Comment 20 Olivier Fisette 2023-08-01 20:06:00 MDT
Thank for the explanation, Marshall. It helped me understand that the number of tasks cannot be inferred in the general case. Thus, `SLURM_NTASKS_IN_JOB` would be ill-defined in some situations. At best, it would be possible to compute `SLURM_MAX_NTASKS_IN_JOB` unambiguously, but that sounds silly.

I guess the best options are to leave `SLURM_NTASKS` undefined unless `--ntasks` is set (current behaviour), or to set `SLURM_NTASKS` only when it is unambiguous. The latter feels like more trouble than would be worth.
Comment 21 Marshall Garey 2023-08-02 12:56:20 MDT
Update: We are looking into this request. I'll let you know when I have more information.
Comment 27 Chris Samuel (NERSC) 2023-08-18 12:52:22 MDT
Hi there,

Another "me too" from NERSC, we just upgraded to Slurm 23.02.4 and are getting a bunch of people reporting their scripts no longer work, including our vendor who is trying to run some tests.

I'm going see if I can put a workaround in via the task prolog for the moment to stem the bleeding, but definitely would like to see something set that users could refer to if SLURM_NPROC and SLURM_NTASKS won't get set in this situation.

All the best,
Chris
Comment 28 Marshall Garey 2023-08-21 10:42:59 MDT
Chris, another easy workaround is to use the job_submit plugin as described here:

https://bugs.schedmd.com/show_bug.cgi?id=16278#c2
Comment 36 Marshall Garey 2023-08-24 13:35:28 MDT
*** Ticket 17451 has been marked as a duplicate of this ticket. ***
Comment 41 Marshall Garey 2023-08-30 14:57:03 MDT
Hi folks,

We have decided to revert the change in 23.02: In 23.02.5, SLURM_NTASKS will be set in the job's environment if you request --ntasks-per-node. I am updating the title of this bug. We are also updating the documentation to say that SLURM_NTASKS will be set in the job's environment if any of the following options are requested:

--ntasks
--ntasks-per-node
--ntasks-per-gpu

If none of these options are requested, then SLURM_NTASKS is not set.

SLURM_NTASKS is set correctly if a node range is requested along with --ntasks-per-node. SLURM_NTASKS will be set to however many tasks are in the job allocation, which just depends on the number of nodes allocated to the job.

All of this should restore the 22.05 behavior for SLURM_NTASKS.

One thing to note if you use a job_submit plugin: num_tasks will not be set if --ntasks-per-node is requested.
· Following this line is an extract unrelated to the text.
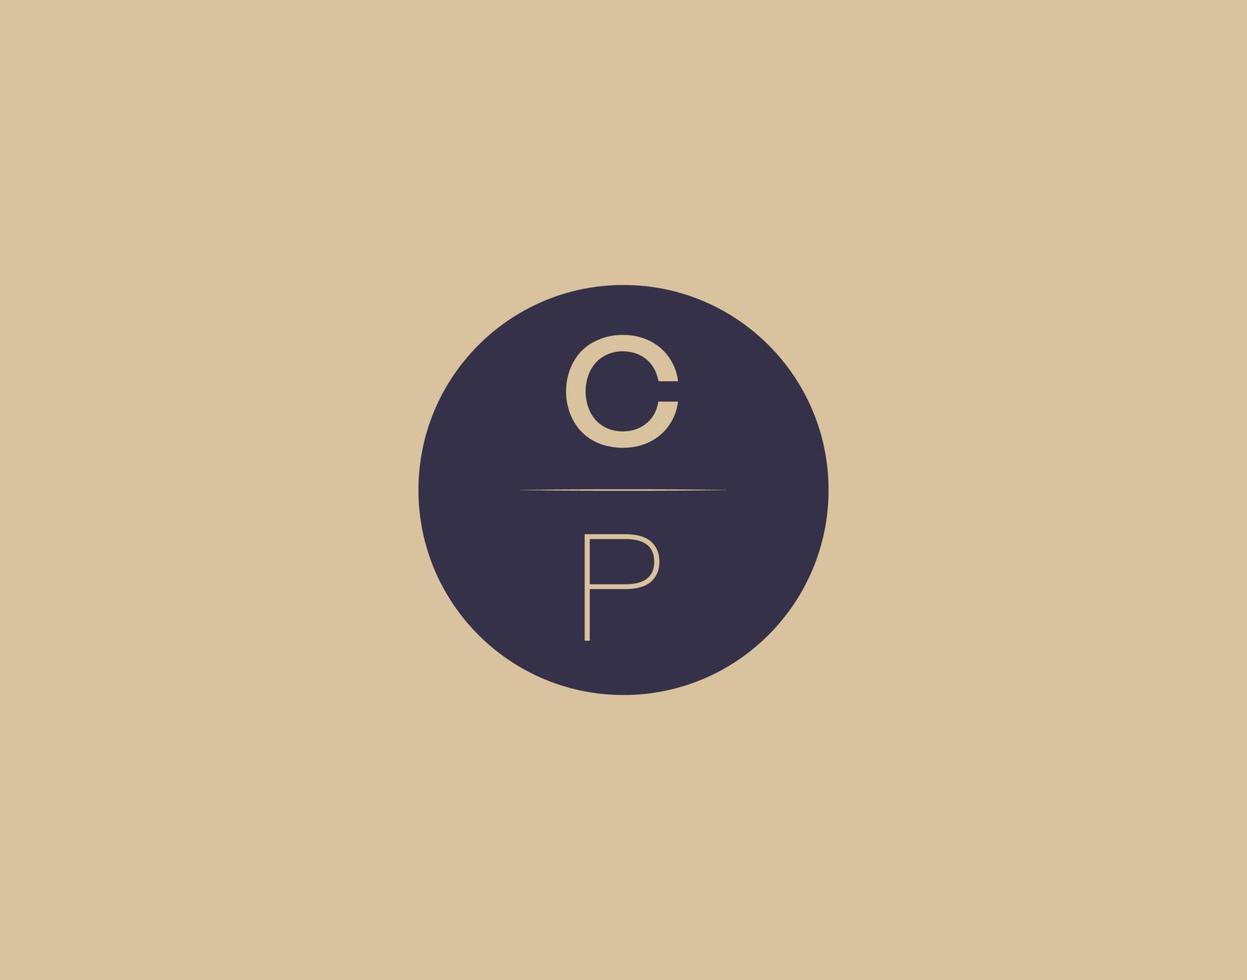 CP letter modern elegant logo design vector images

I will update you when we have pushed changes upstream.
Comment 46 Marshall Garey 2023-08-31 16:17:17 MDT
We have pushed fixes upstream ahead of 23.02.5. See commits f3b93ea3e7..cc6f49d1f4

(In reply to Marshall Garey from comment #41)
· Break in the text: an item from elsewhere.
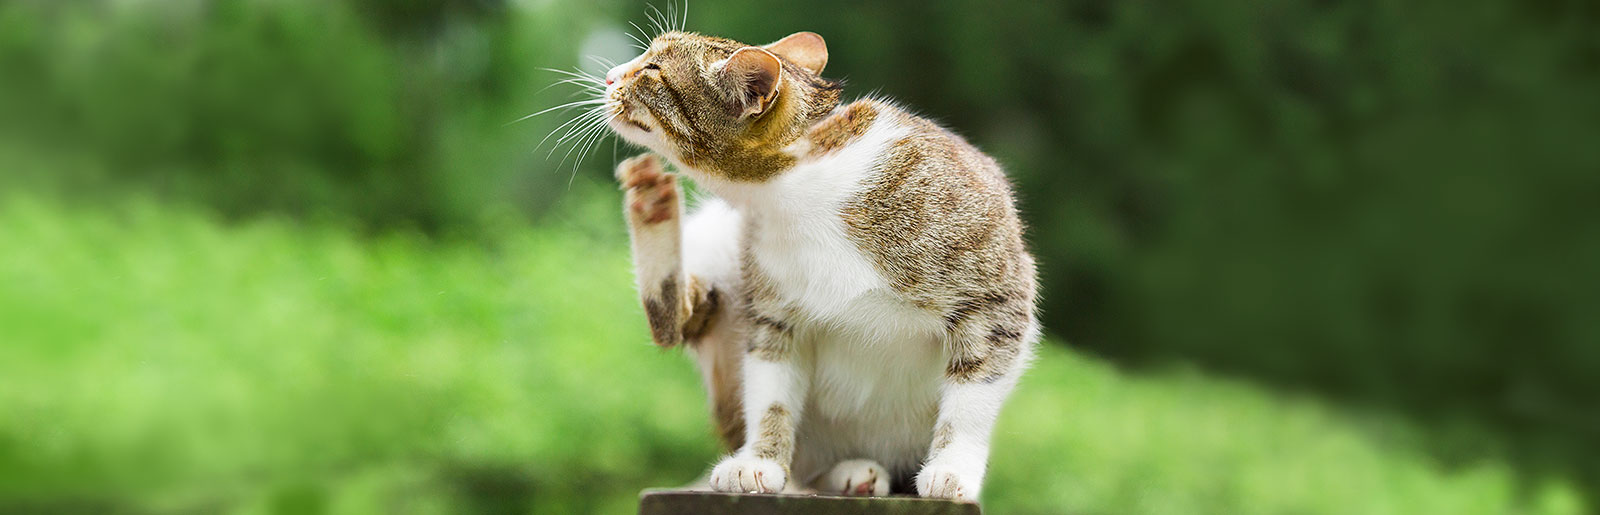 beven pensioen Kwik Voedselallergie of voedselintolerantie bij katten

> We are also updating the documentation to
> say that SLURM_NTASKS will be set in the job's environment if any of the
> following options are requested:
> 
> --ntasks
> --ntasks-per-node
> --ntasks-per-gpu
> 
> If none of these options are requested, then SLURM_NTASKS is not set.

Correction: I found a few edge cases where SLURM_NTASKS is still set. We opted not to document them because they are rare. For now do not plan on changing the behavior of these edge cases. We are wary of making further changes to how SLURM_NTASKS is set.

I'm closing this as fixed in 23.02.5.